Gadsden flag
- Use: Banner
- Proportion: Varies, generally 2:3
- Adopted: December 20, 1775
- Design: A yellow banner charged with a yellow spiraled timber rattlesnake facing toward the hoist sitting upon a patch of lush green grass, with thirteen rattles, representing the thirteen colonies, the words "DONT TREAD ON ME" [sic] positioned below the snake in black font
- Designed by: Christopher Gadsden

= Gadsden flag =

Historical American flag

The Gadsden flag is a historical American flag with a yellow field depicting a timber rattlesnake coiled and ready to strike.

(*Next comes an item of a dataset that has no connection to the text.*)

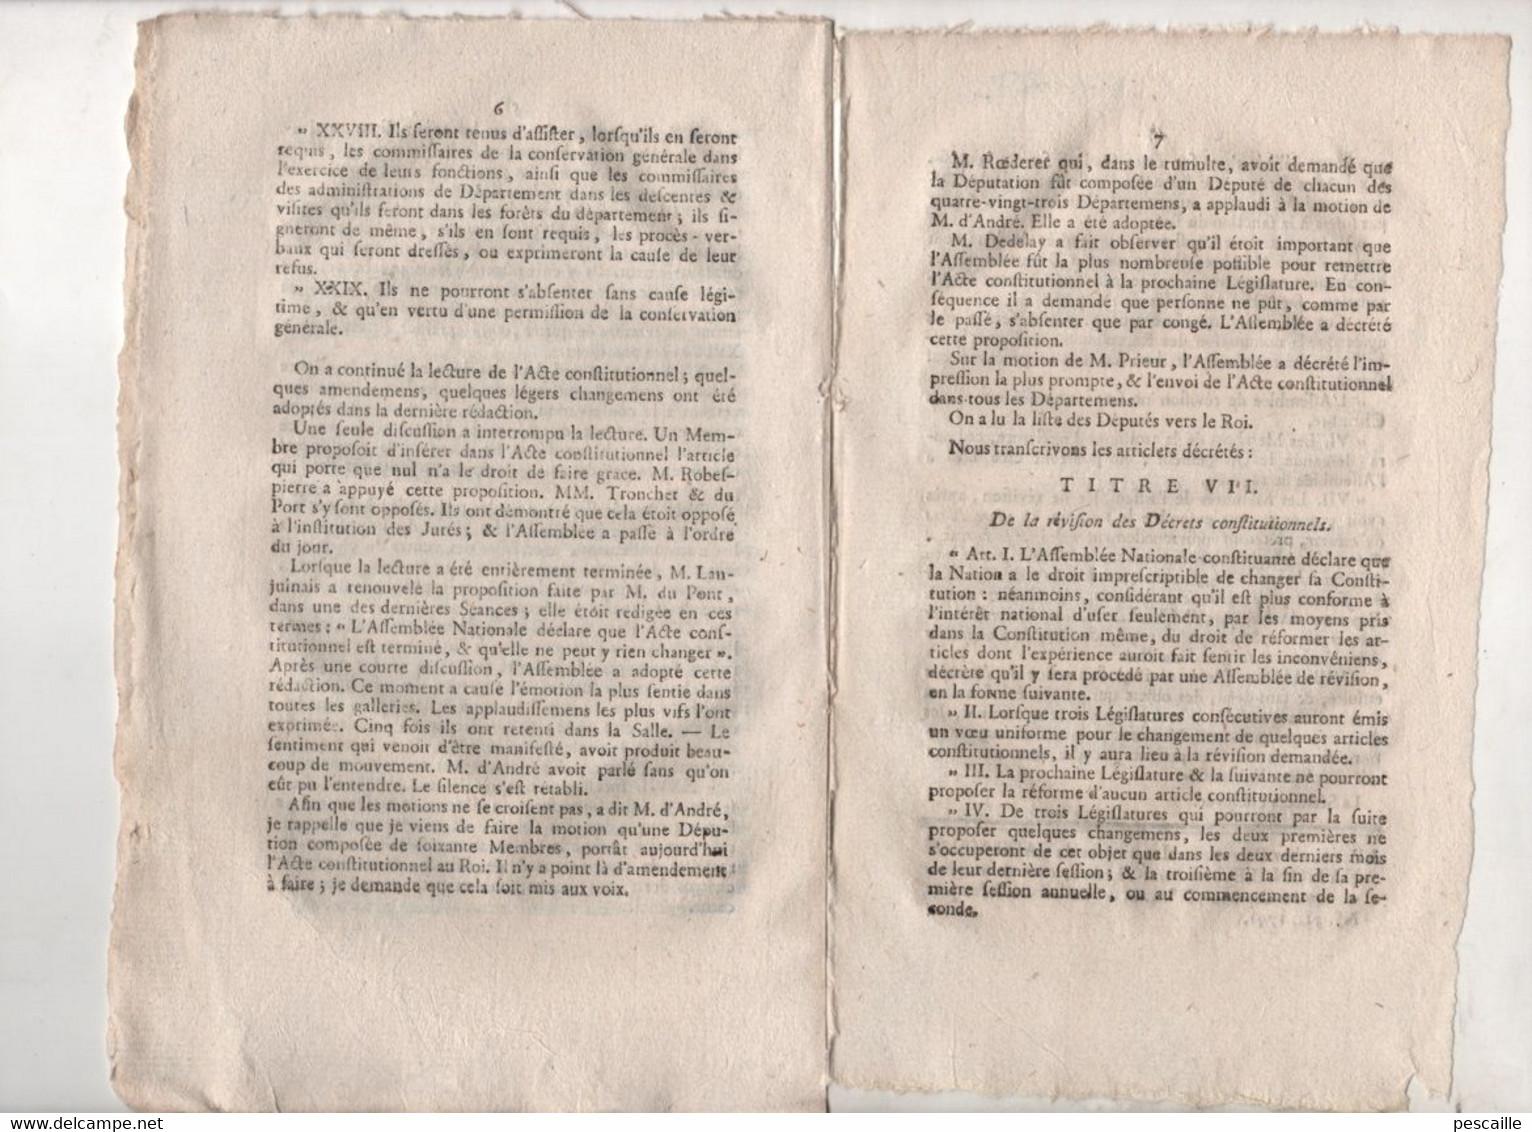 REVOLUTION FRANCAISE - JOURNAL DES DEBATS 03 09 1791 - MILITAIRES PONDICHERY ILE DE FRANCE  ( MAURICE ) - BOIS & FORETS - Newspapers - Before 1800

Beneath the rattlesnake are the words "Dont Tread on Me"[sic]. (Note: During the 18th century, contractions were often written without an apostrophe.) Some modern versions of the flag include an apostrophe in the word "don't". Originating in the American Revolution, the flag has in modern days become a symbol of American and international right-libertarianism, and later the Tea Party movement.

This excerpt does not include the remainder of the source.